■ Directions for this task
Whenever a picture appears in the data, skip it and write out all other material exactly.

■ Stored data
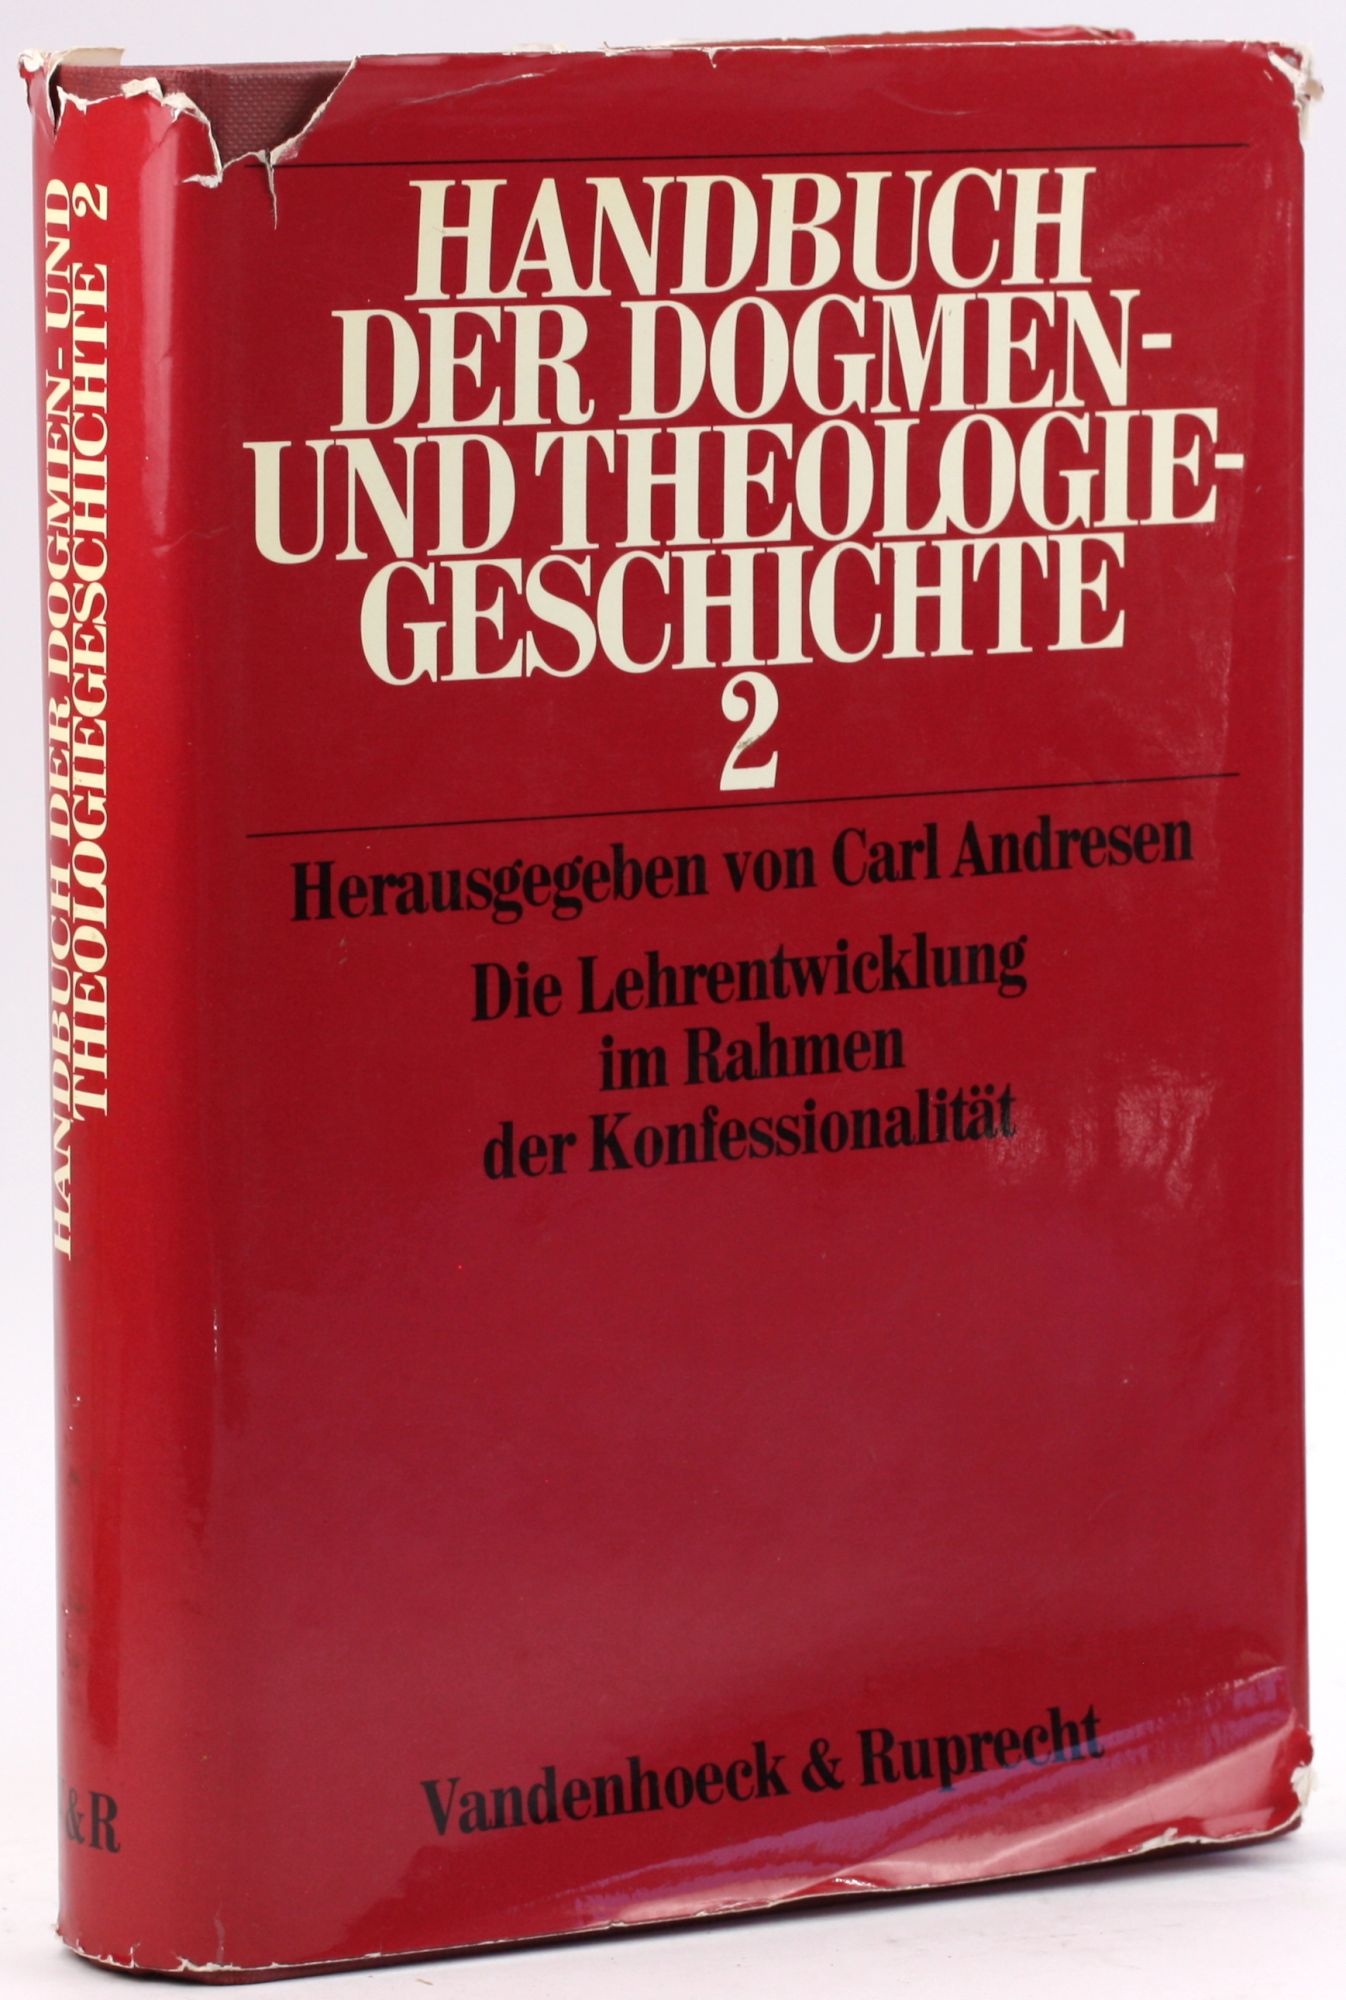 Handbuch der Dogmen- und Theologiegeschichte (German Edition) [Handbuch der Dogmen- und Theologiegeschichte, Band 2] - Unknown Author
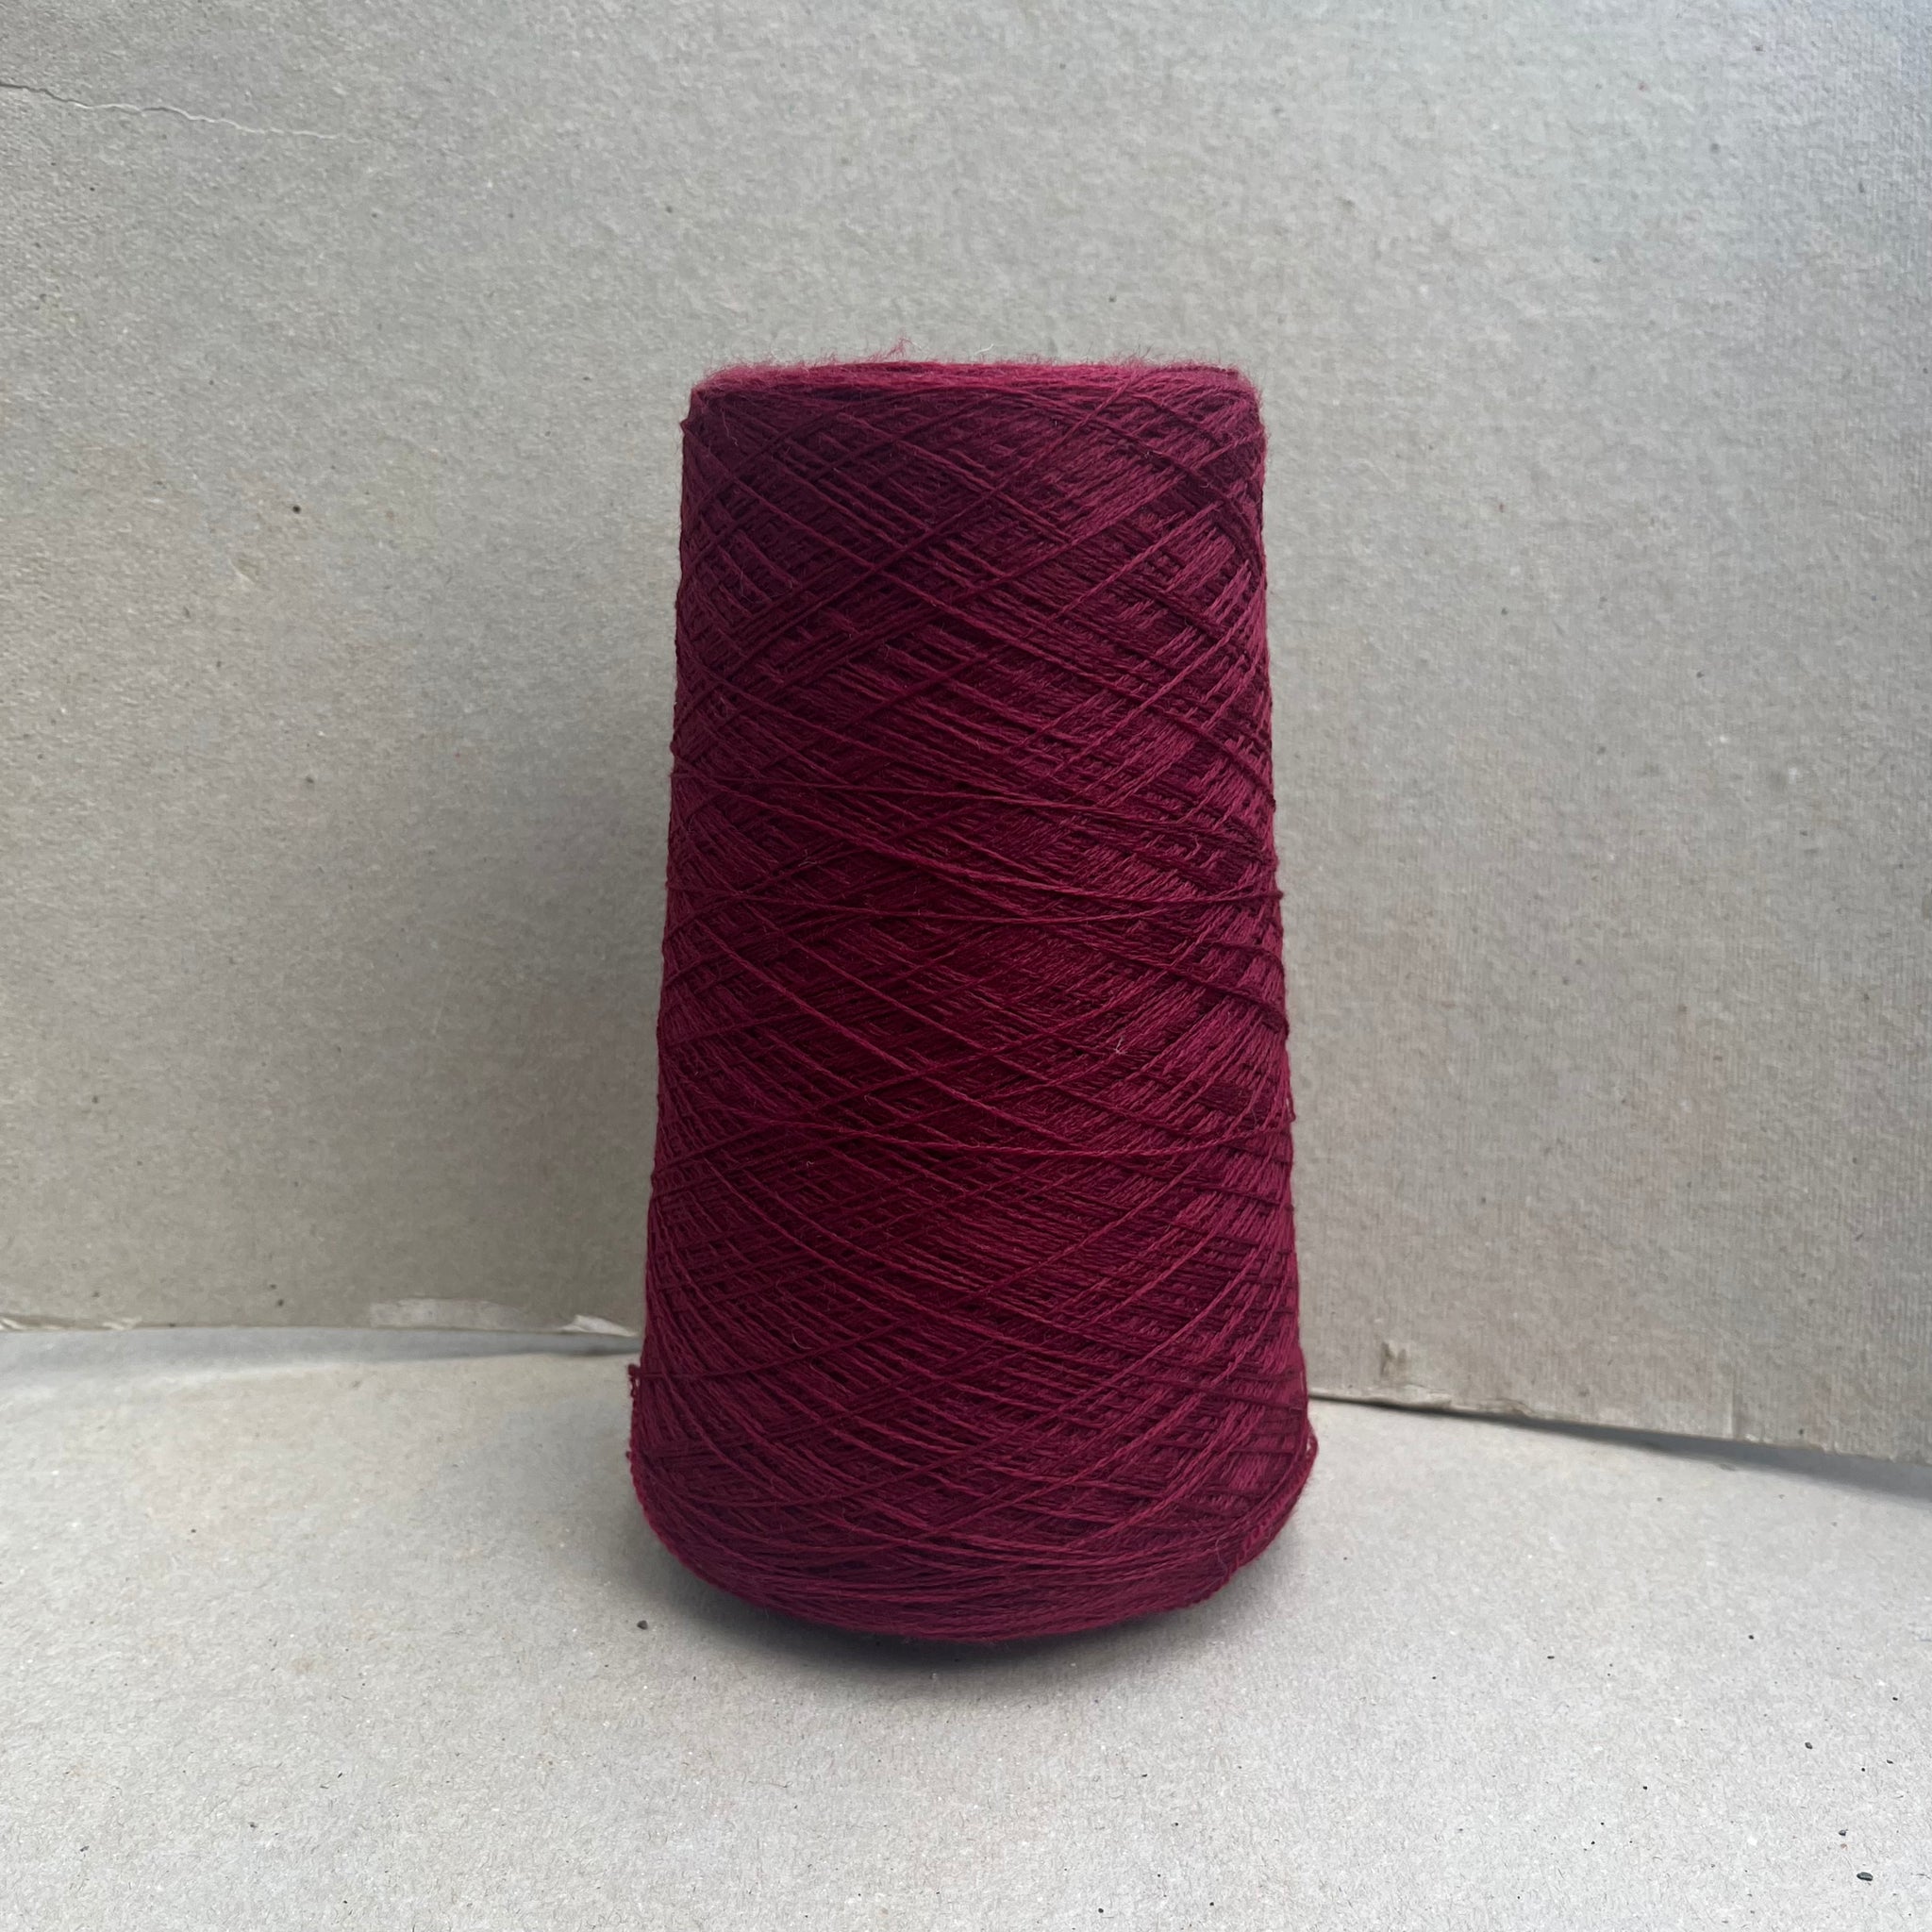 Merino Wool - Spanish Red
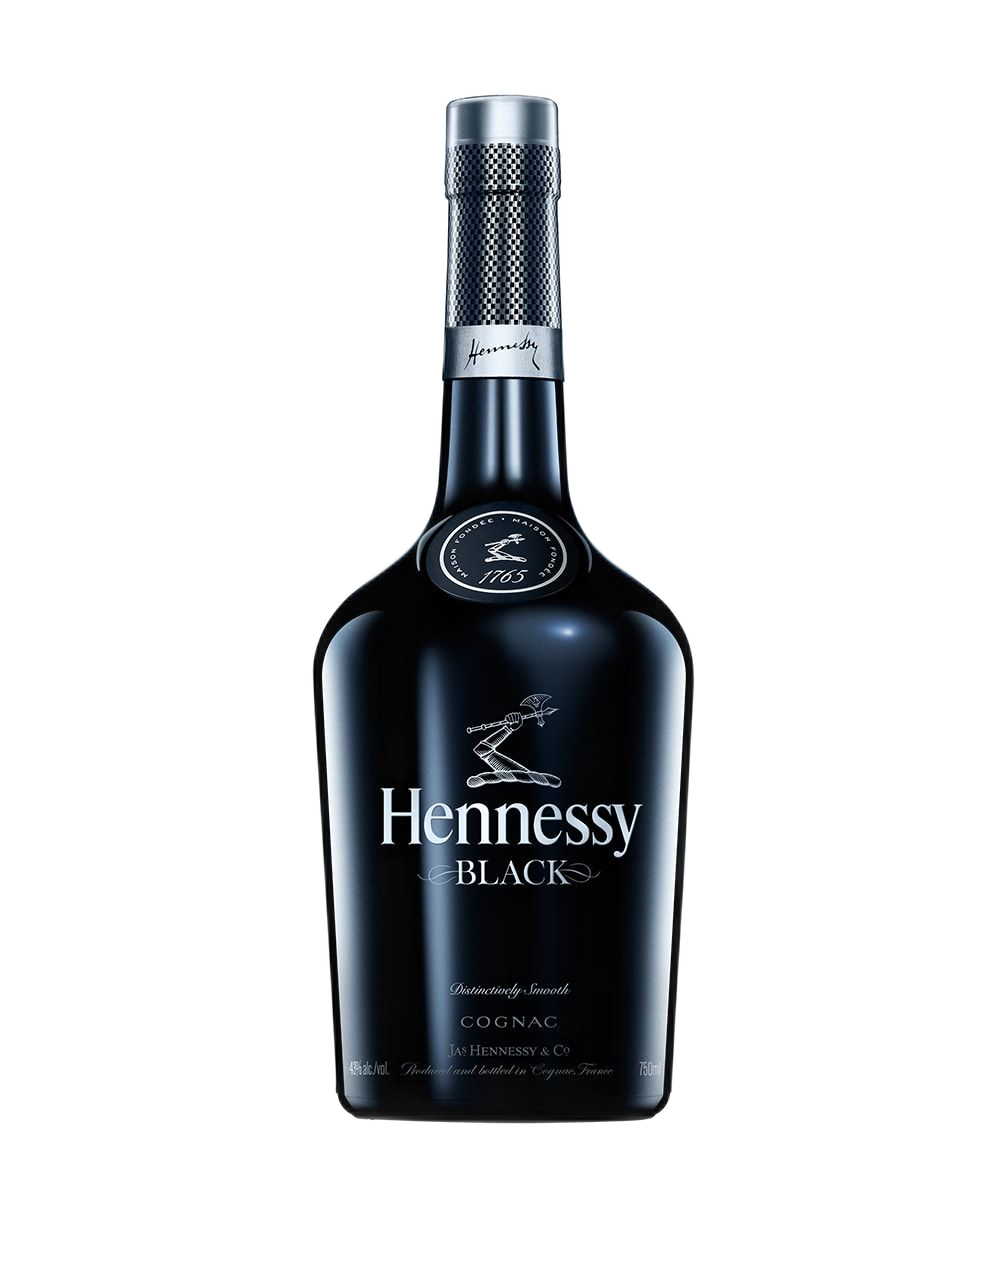 hennessy black bottle
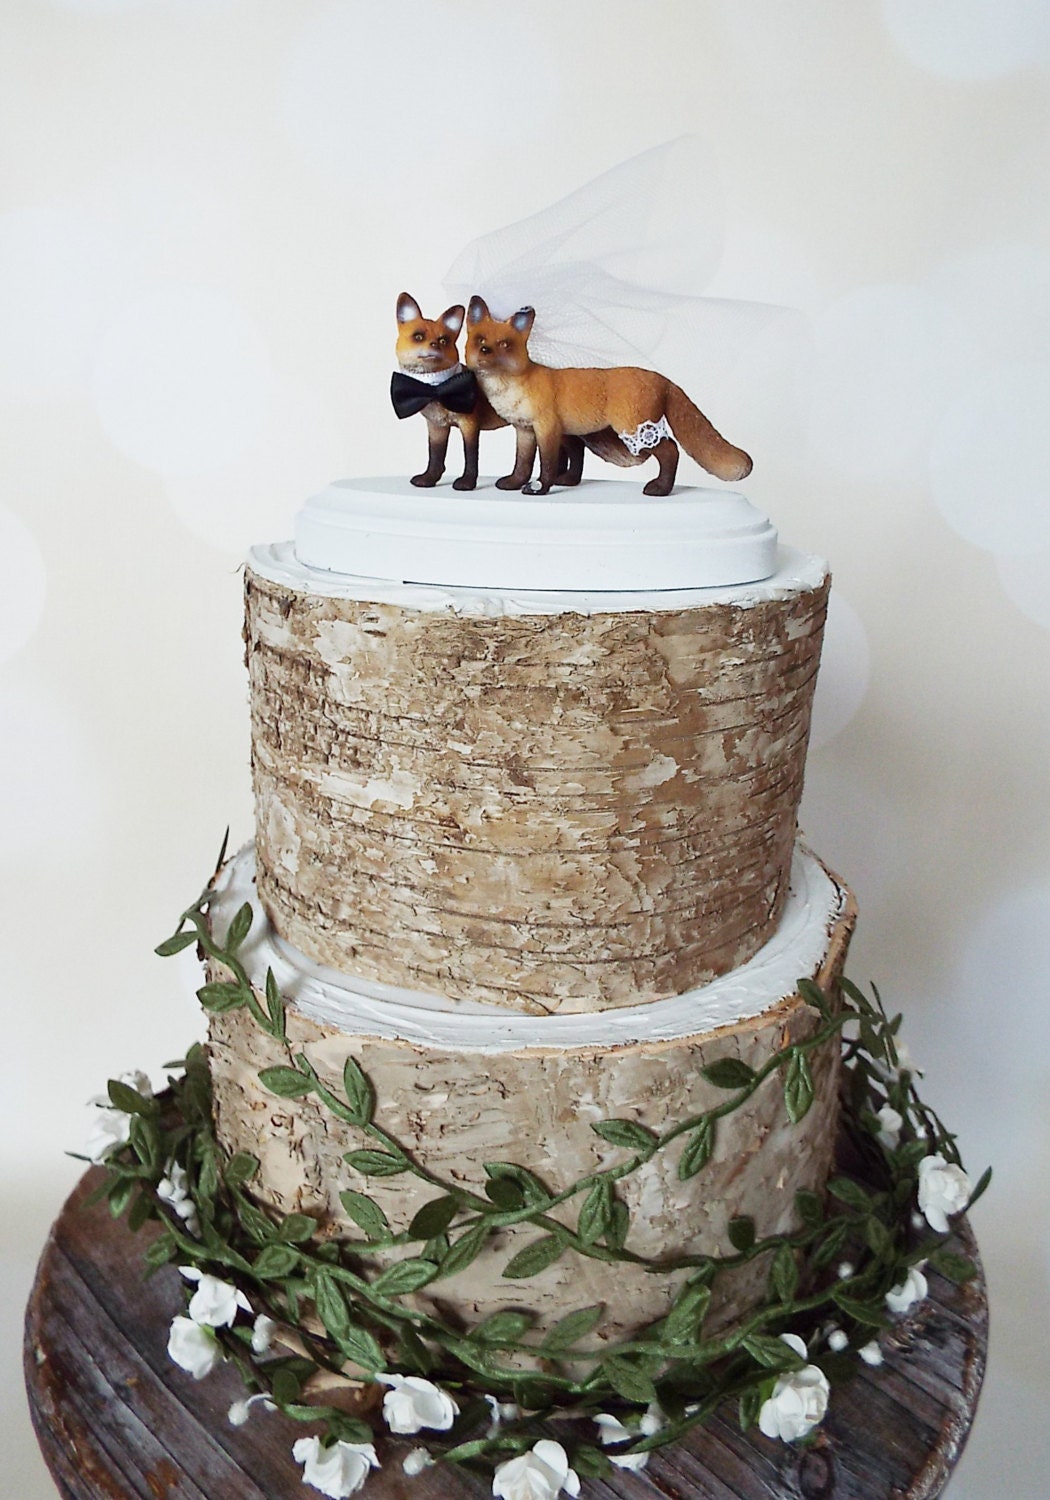 Woodland themed wedding cakes

■ Answer section
 Handbuch der Dogmen- und Theologiegeschichte (German Edition) [Handbuch der Dogmen- und Theologiegeschichte, Band 2] - Unknown Author
 Merino Wool - Spanish Red
 hennessy black bottle
 Woodland themed wedding cakes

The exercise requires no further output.